> [Task objective] For this exercise, copy the records below exactly and exclude every image.

══ Recorded data ══

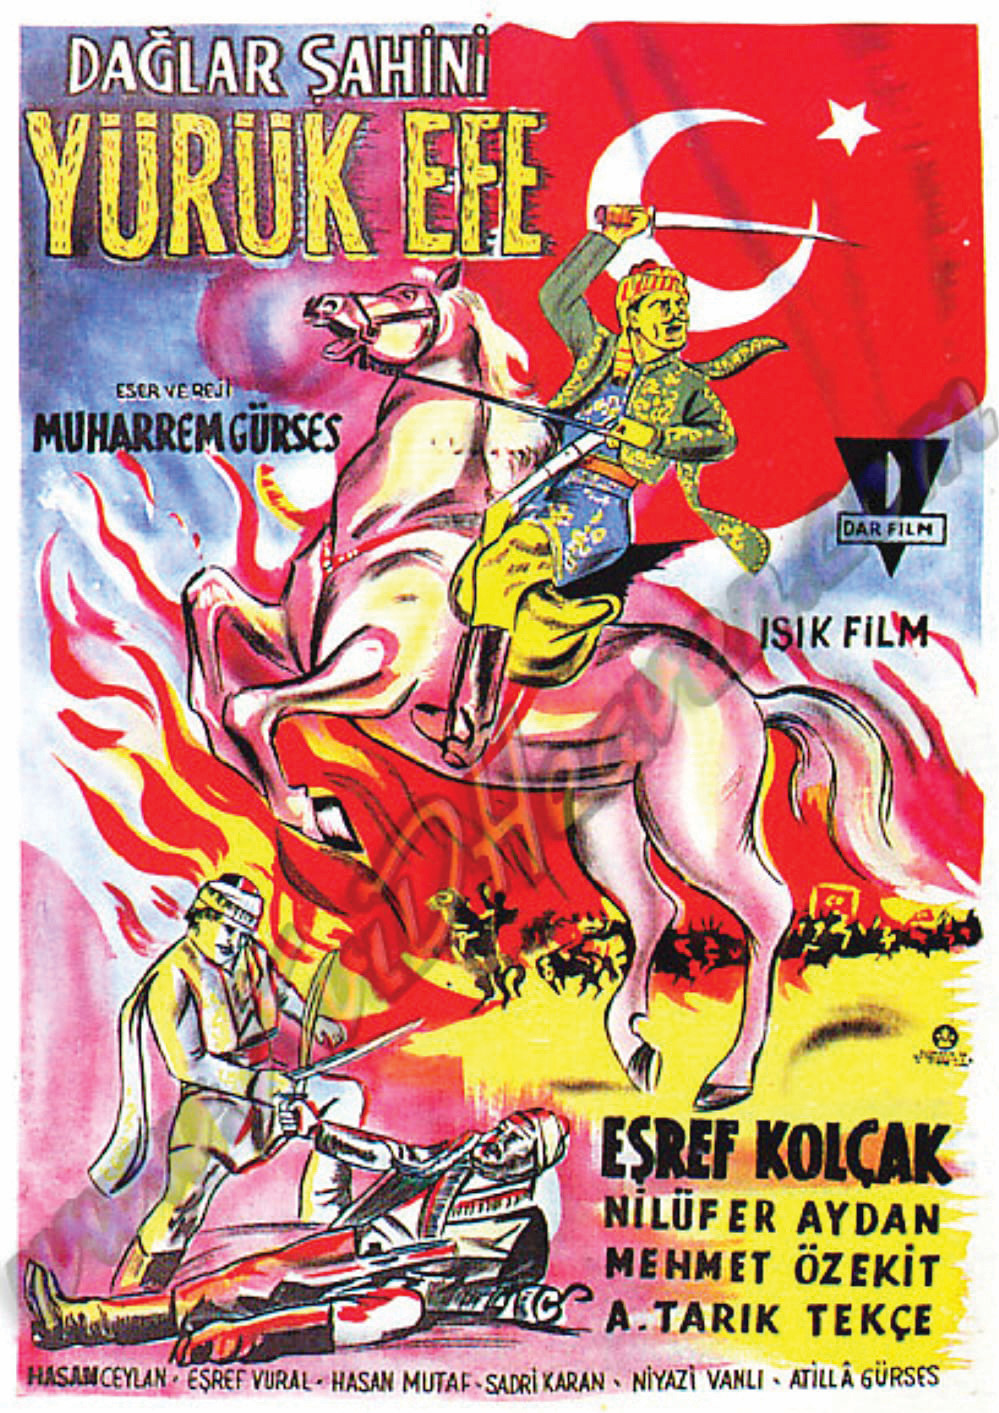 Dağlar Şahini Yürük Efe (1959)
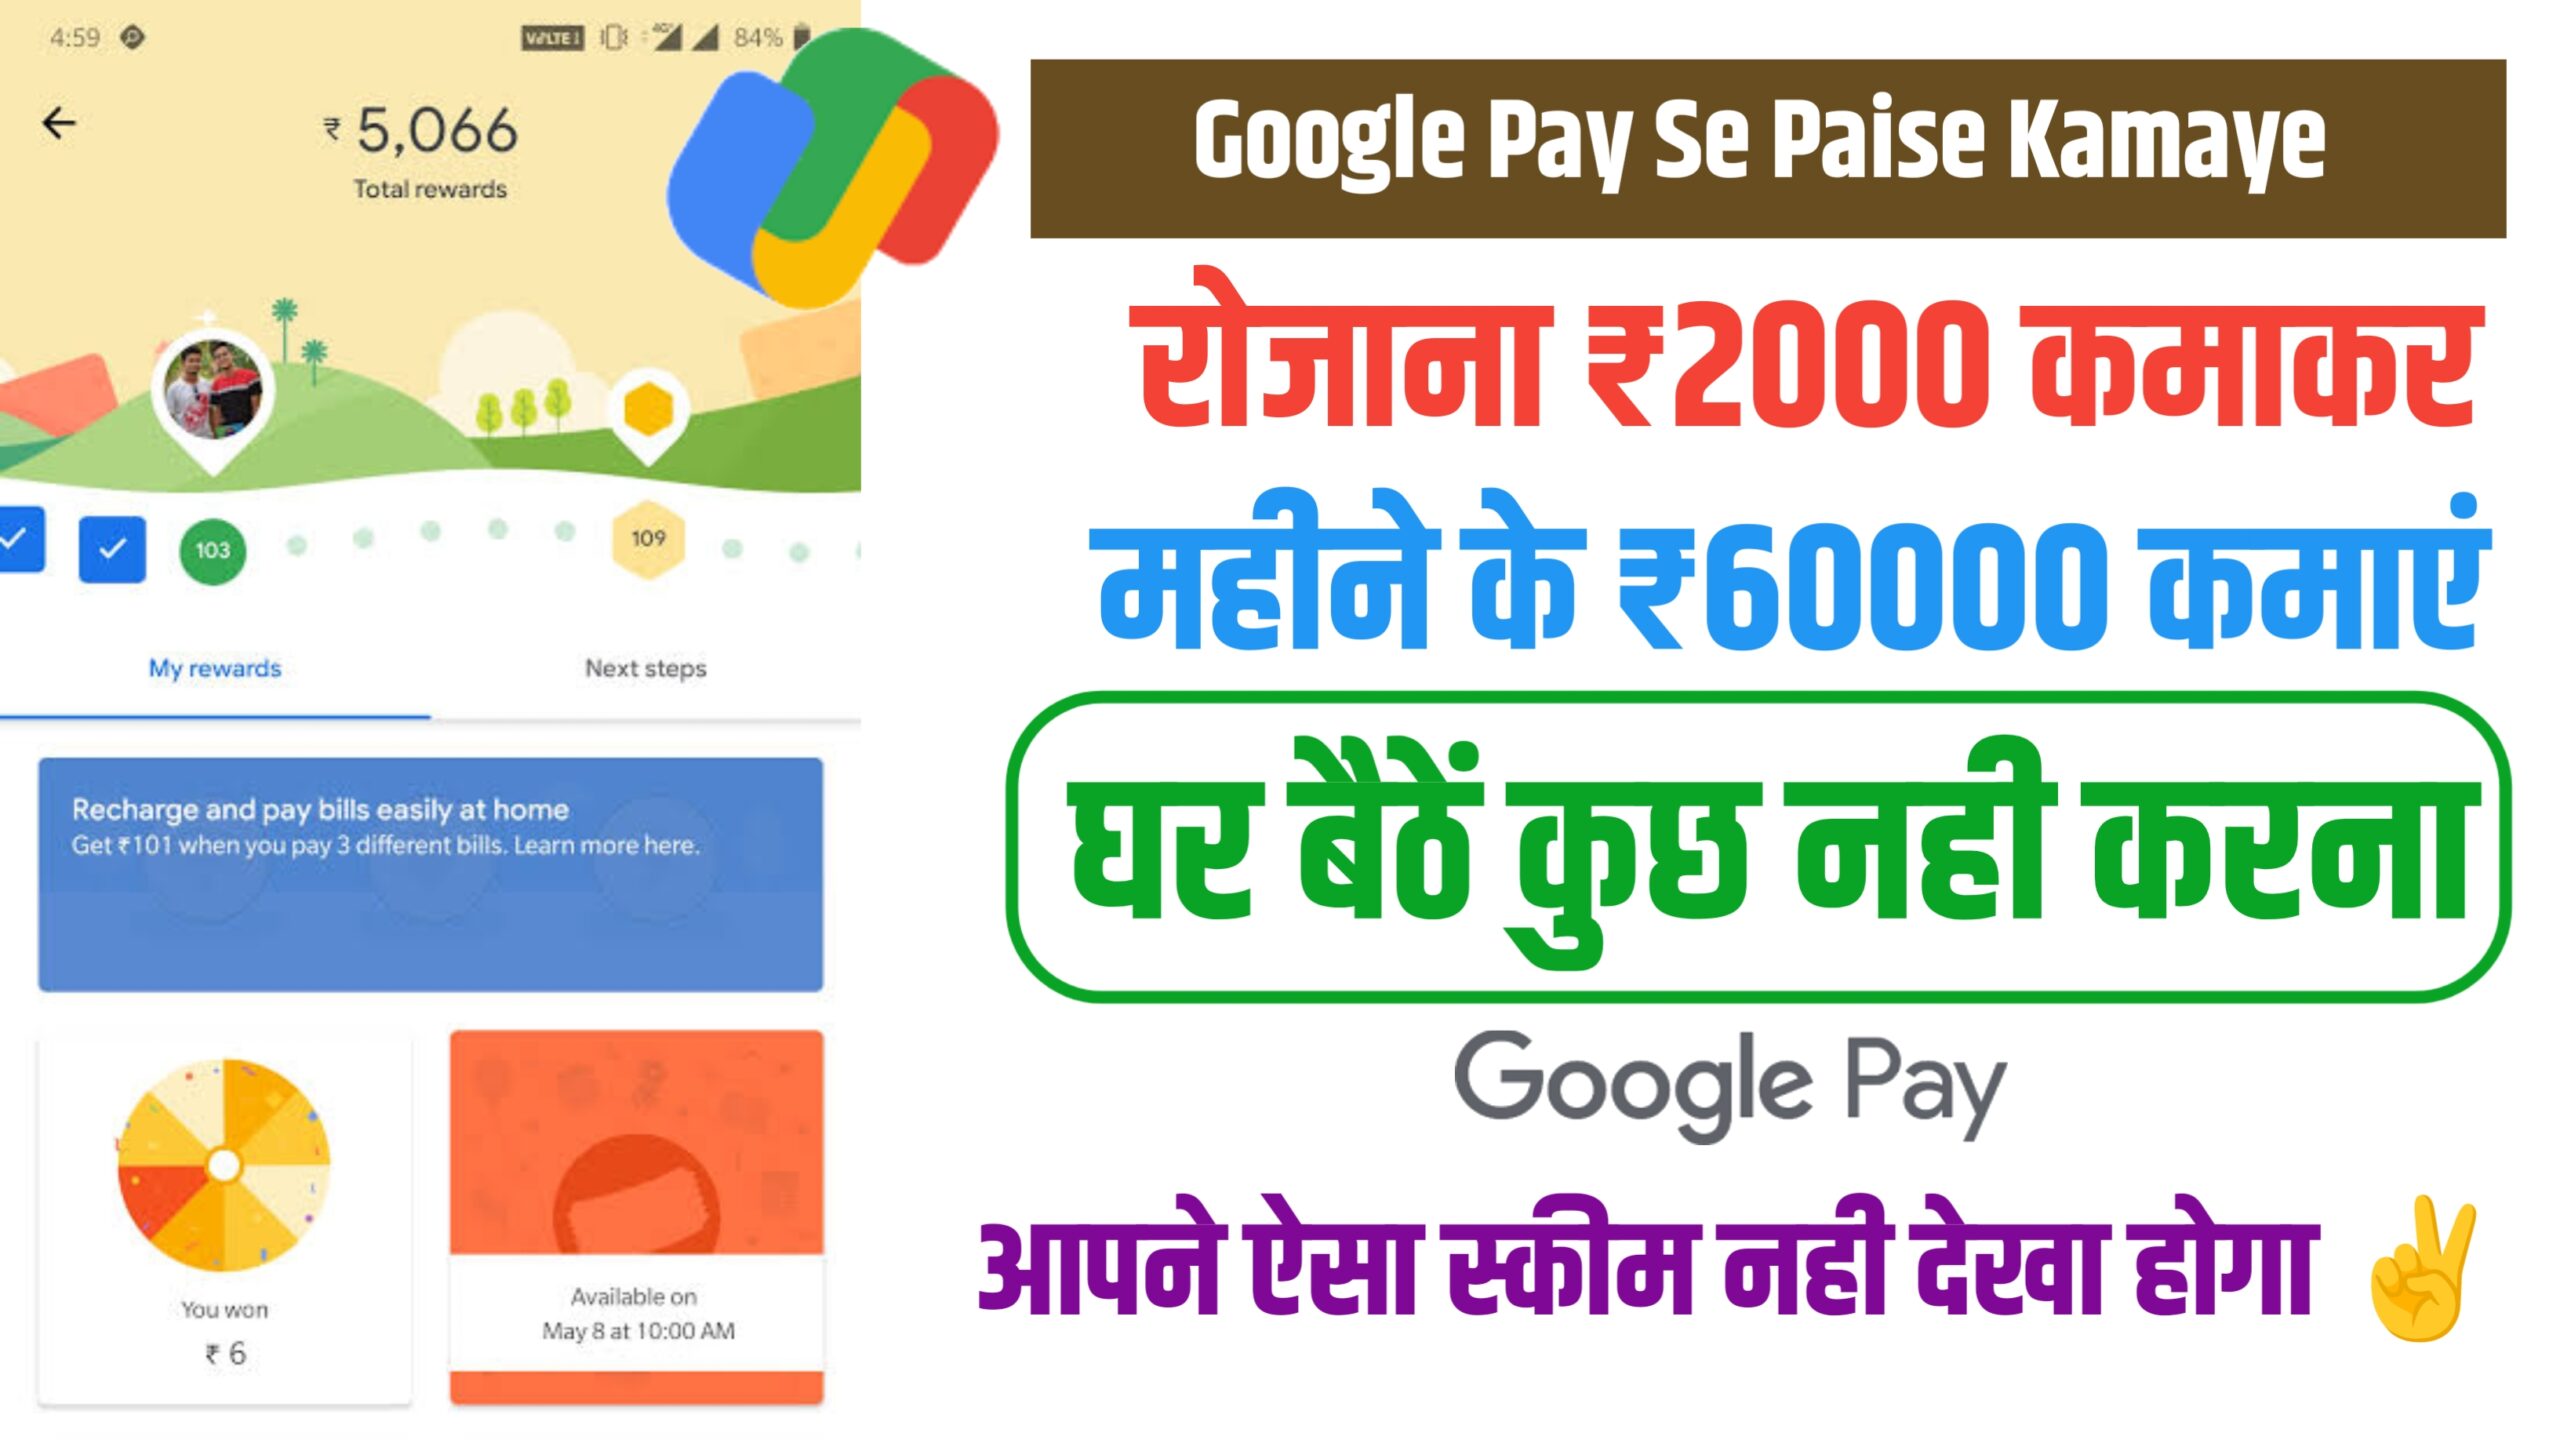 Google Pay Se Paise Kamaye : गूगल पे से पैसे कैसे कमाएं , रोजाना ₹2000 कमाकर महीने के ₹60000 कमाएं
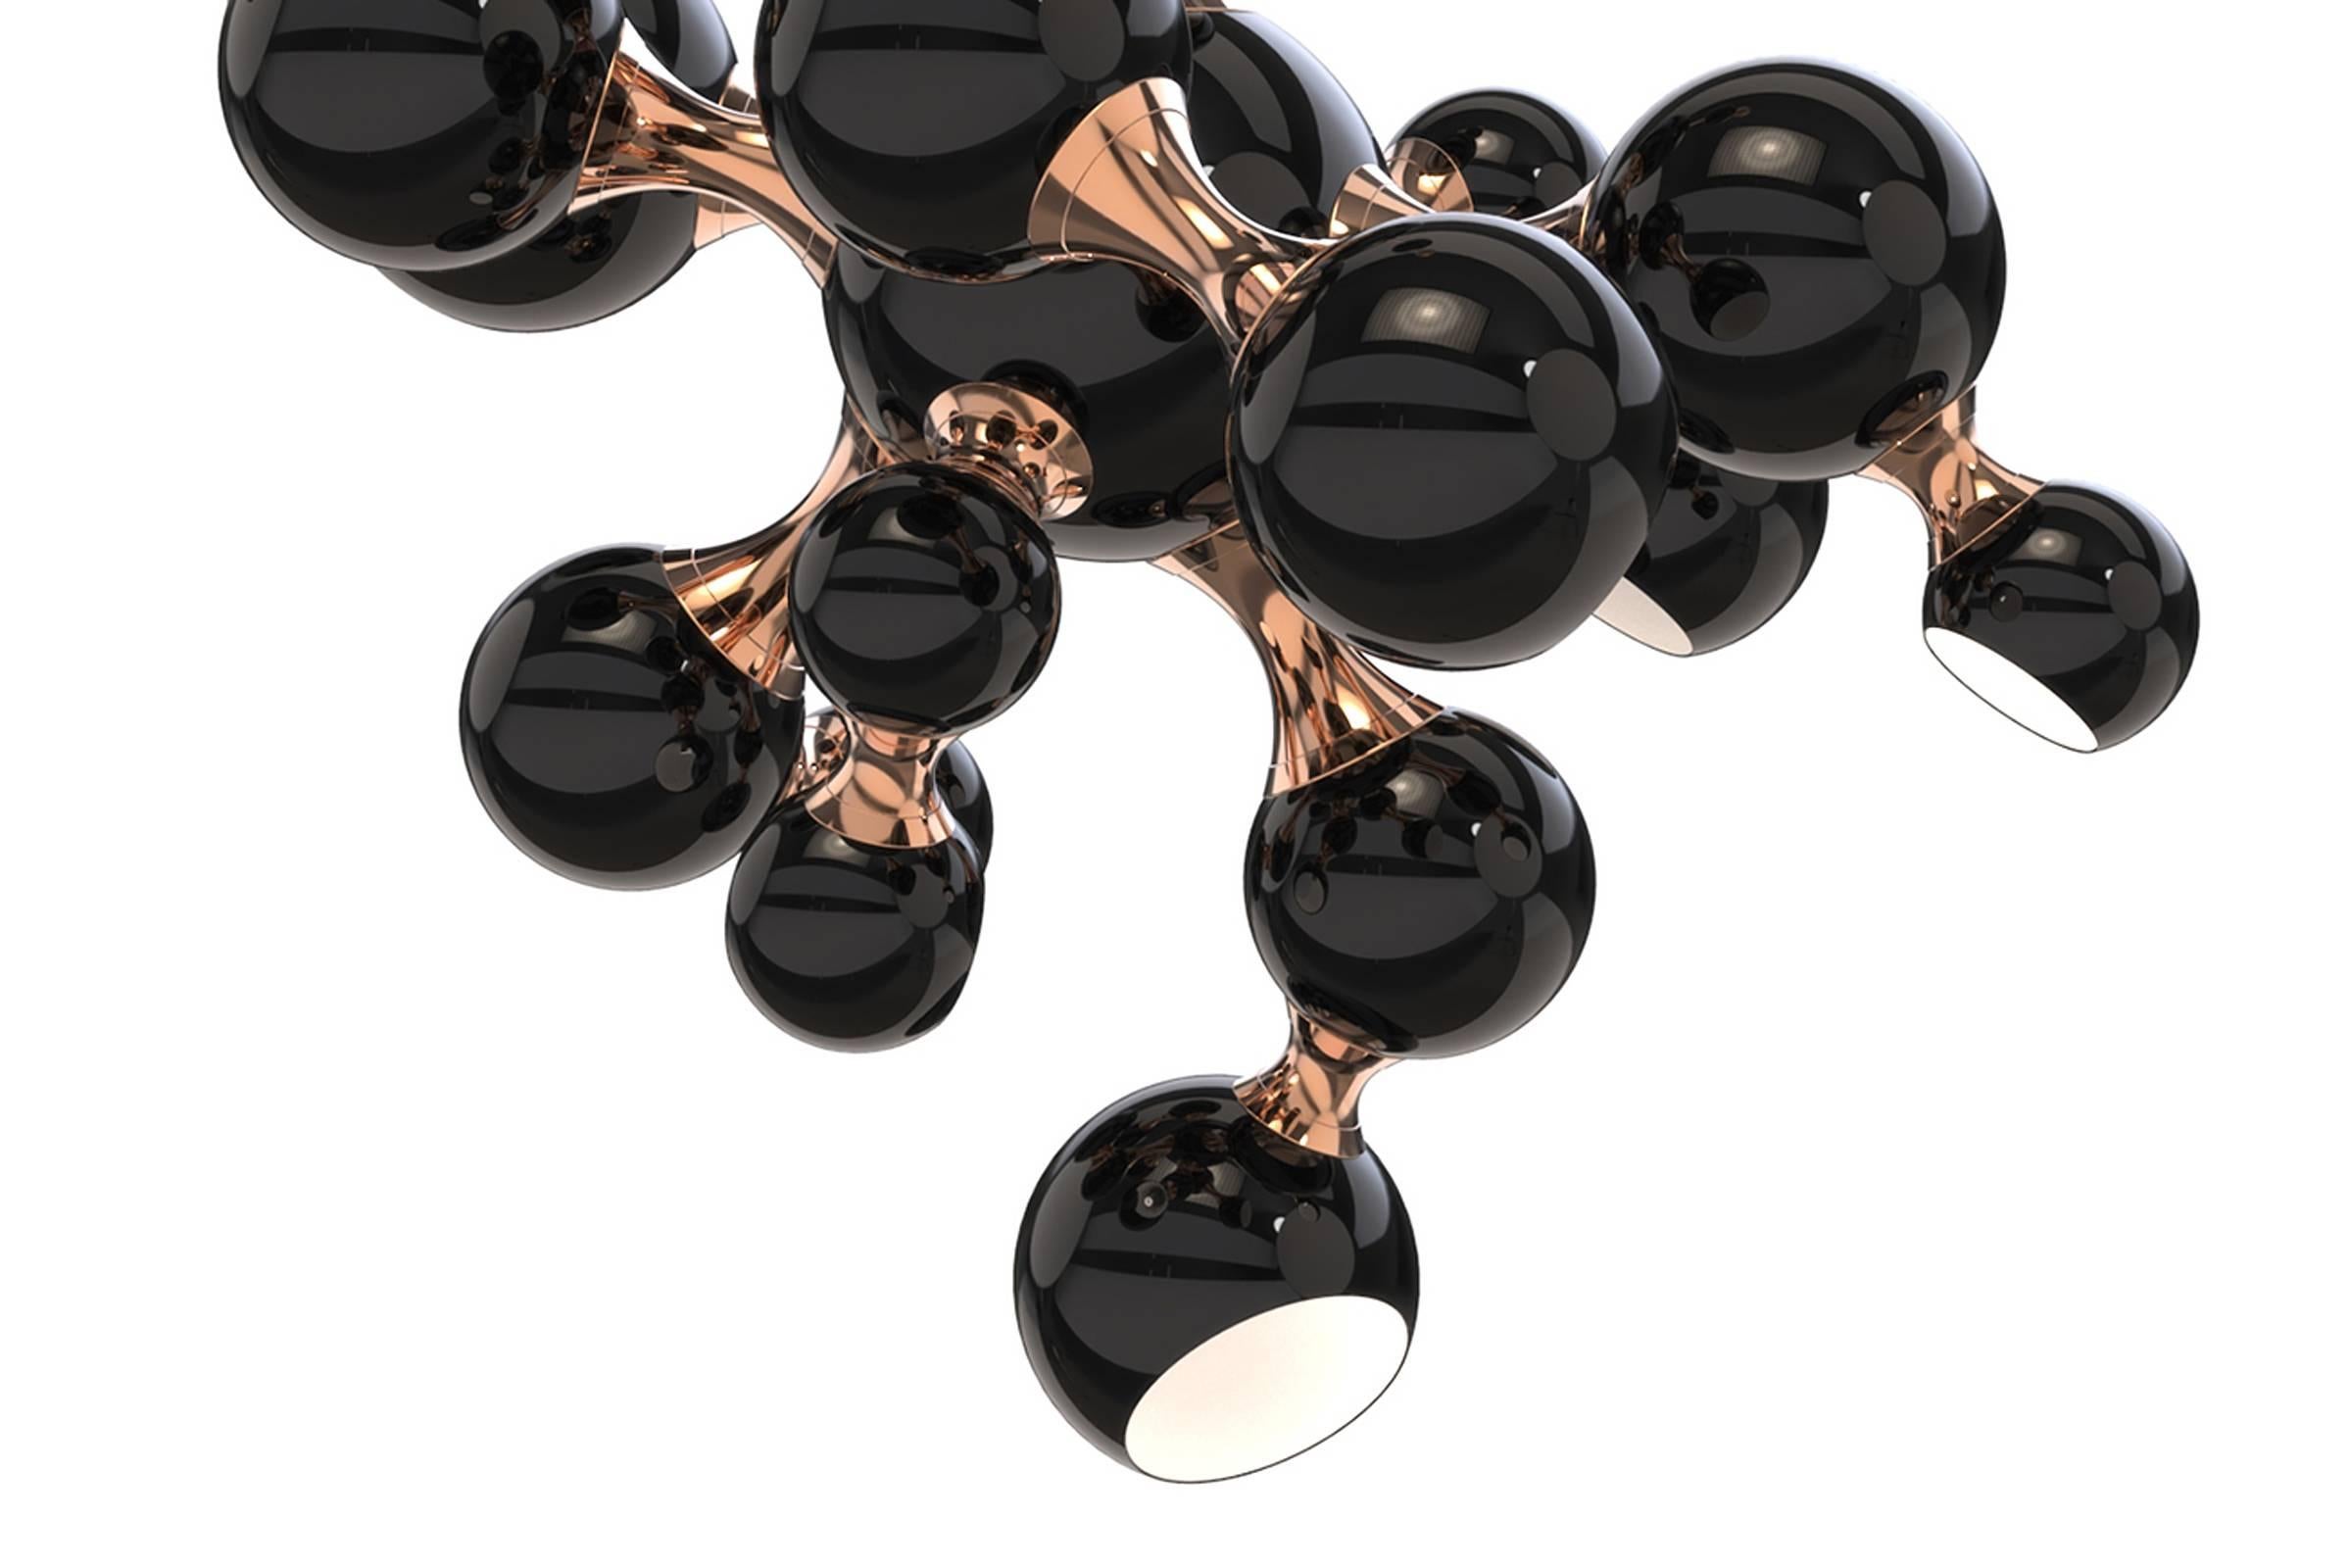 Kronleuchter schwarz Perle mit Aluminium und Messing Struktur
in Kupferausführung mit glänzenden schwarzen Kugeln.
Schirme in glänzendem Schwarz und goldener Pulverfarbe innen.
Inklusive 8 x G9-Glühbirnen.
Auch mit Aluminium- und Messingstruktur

═══

> [Reply to the exercise]
 Dağlar Şahini Yürük Efe (1959)
 Google Pay Se Paise Kamaye : गूगल पे से पैसे कैसे कमाएं , रोजाना ₹2000 कमाकर महीने के ₹60000 कमाएं
 Kronleuchter schwarz Perle mit Aluminium und Messing Struktur
in Kupferausführung mit glänzenden schwarzen Kugeln.
Schirme in glänzendem Schwarz und goldener Pulverfarbe innen.
Inklusive 8 x G9-Glühbirnen.
Auch mit Aluminium- und Messingstruktur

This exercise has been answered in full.